The just released Marist Poll is quite fascinating. As Daily Politics points out: "Today's Marist poll finds the race between Comptroller Bill Thompson and Mayor Bloomberg has tightened somewhat, with the mayor slipping under the 50 percent mark to lead his likely Democratic opponent 48-35 compared to 51-35 in May...Fifty-one percent of voters polled think it's time to oust Bloomberg from office and give someone else a chance. That's up from 48 percent in May."
51%! think it's time for a change-even after the, it's gotta be up to at least $25 million, obscene level of spending on behalf of the mayor's race against himself. What a colossal waste of money-or, maybe not. After all, if Bloomberg wasn't spending the money, where would he be today?
And Thompson, for his part, should be buoyed by the fact that he's only 13 point down-and in spite of being outspent by, say, around $25 million. Clearly, in spite of what the lead vocalist from the Spinners says, this is much closer than it should be.

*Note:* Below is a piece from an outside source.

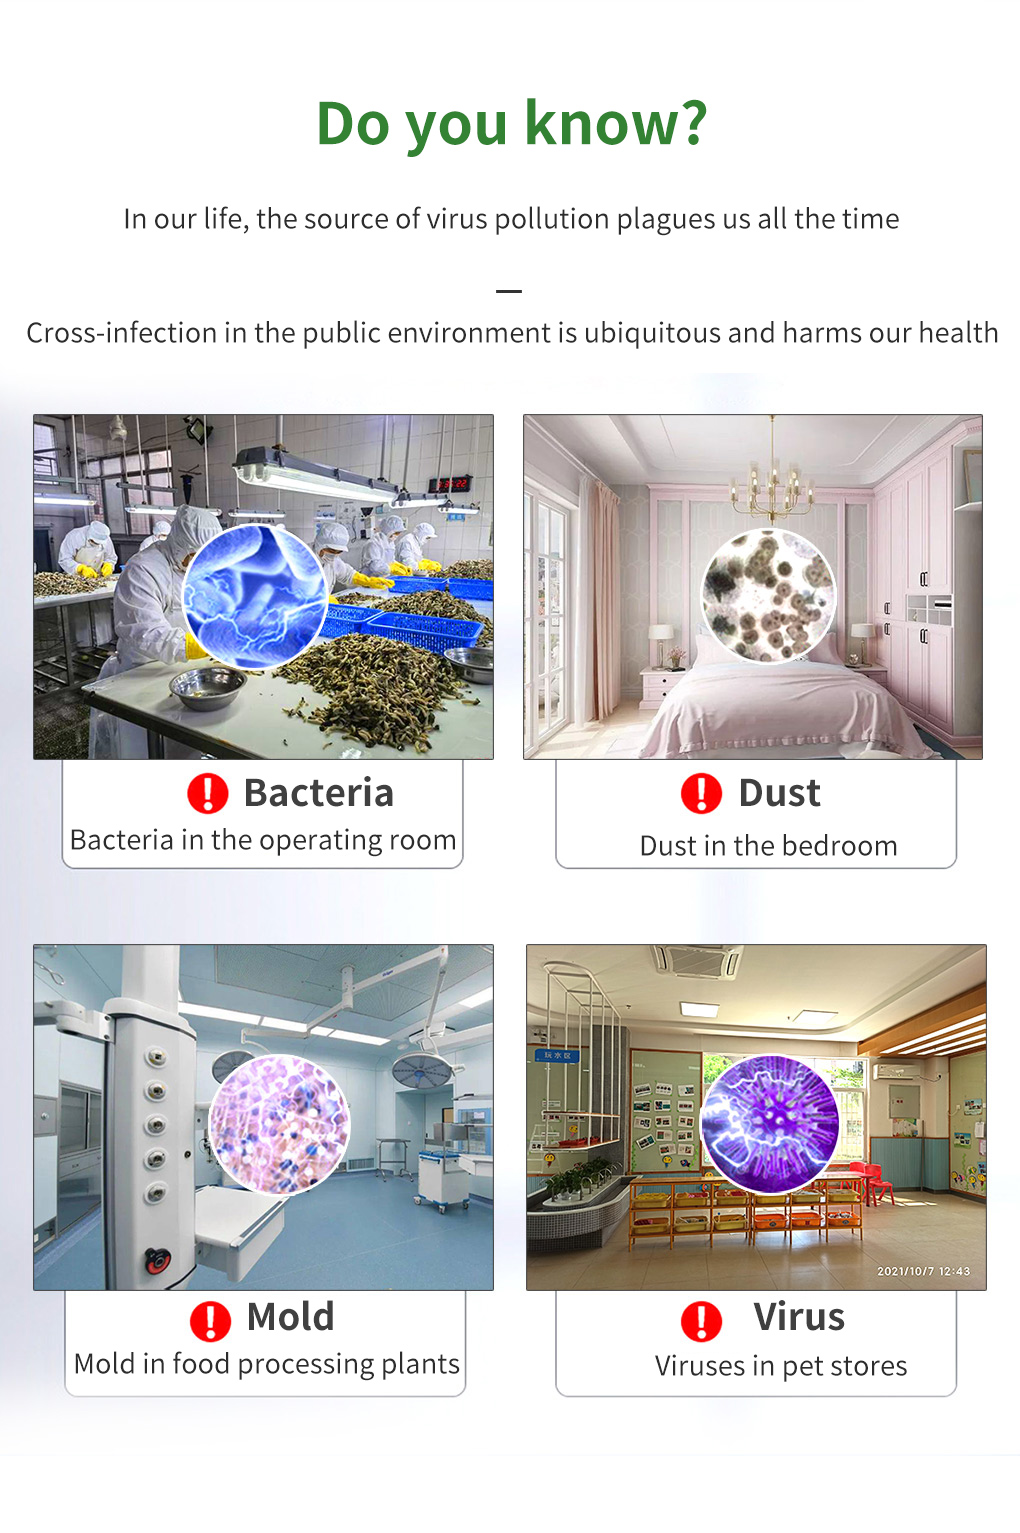 Cabinet air purification and disinfection machine

As The Politicker reports: "The competitiveness of a race is, to some degree, a subjective notion, one which operatives on both sides try to manipulate. Case in point: Bloomberg's spokesman Howard Wolfson and today's Marist poll. Here's Wolfson on the poll results: “We continue to be pleased with a double-digit lead over both of our opponents and the fact that a large majority of New Yorkers approve of the mayor's leadership."We look forward to watching this competitive Democratic primary with interest."

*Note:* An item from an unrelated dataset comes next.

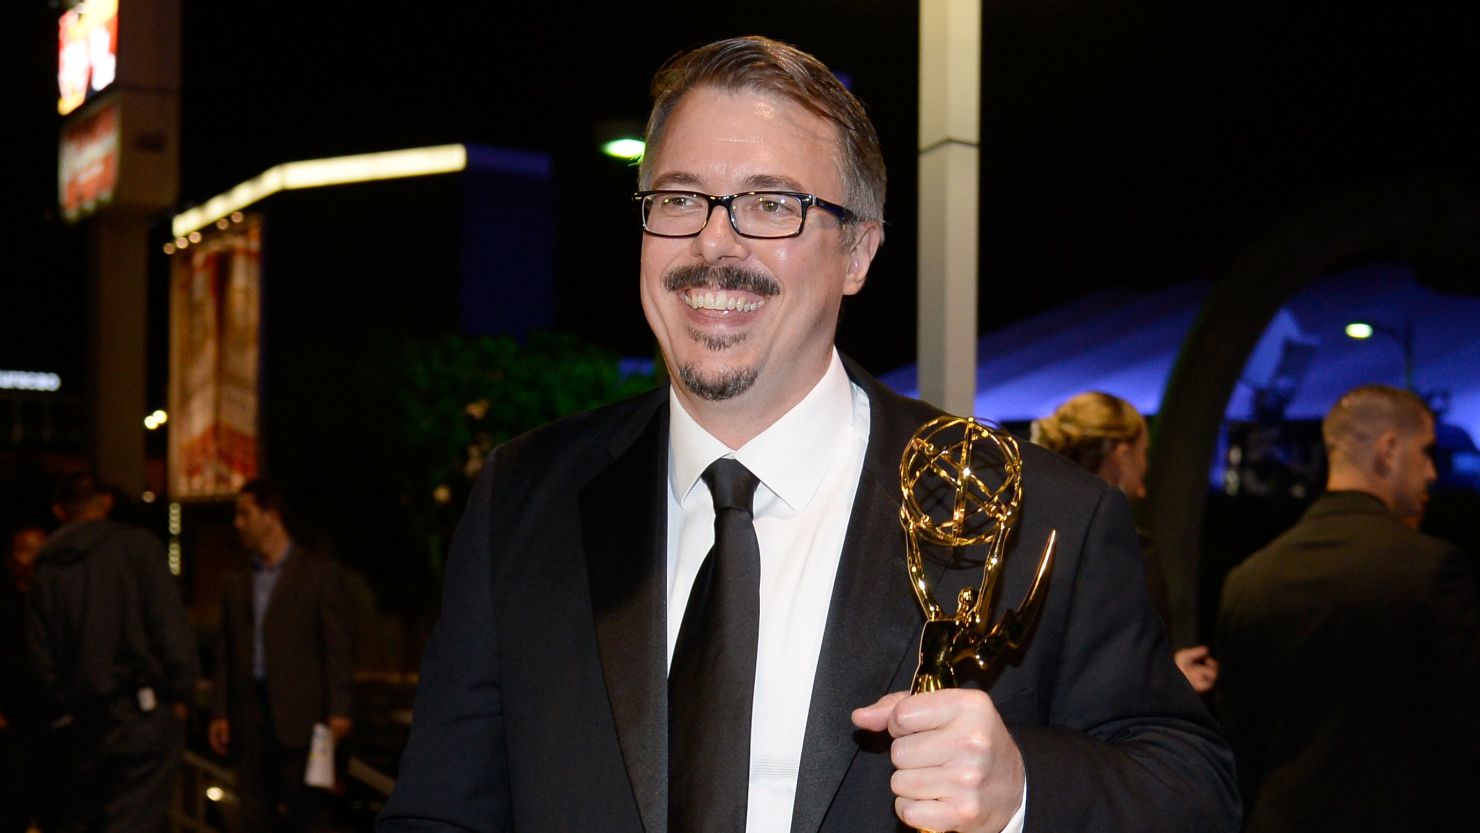 "Breaking Bad" creator shows off his Emmy from the 2013 Emmy Awards.

And Azi responds, unwilling to be spun: "That "competitive primary" between Thompson and Avella is not so close. In a head-to-head match-up, Thompson leads Avella 47 to 18. Which is considerably less close than the head-to-head match-up between Bloomberg and Thompson: Bloomberg leads 48 to 35."
The question remaining here, is can Thompson capitalize on what is clearly a large cohort of voters who are simply tired of Bloomberg-even among those who think he's been okay? And will the saturation media bombing validate the economic law of diminishing returns? Something that is well described in the following definition: "The tendency for a continuing application of effort or skill toward a particular project or goal to decline in effectiveness after a certain level of result has been achieved."

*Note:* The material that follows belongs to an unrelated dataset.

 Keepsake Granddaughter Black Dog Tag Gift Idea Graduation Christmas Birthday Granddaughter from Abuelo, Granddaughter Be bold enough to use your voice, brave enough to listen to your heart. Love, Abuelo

All is food for thought-and why Howard continues to spew out expensive woof tickets. Baffle them with BS; and deflect attention from the fact that, like the love engine of the Master of the House in Les Miz; "there's not much there." All the spending and all of the taxing hasn't made Mike Bloomberg an incumbent that is deserving of re-election-let alone the overturning of the will of the people expressed in two referenda.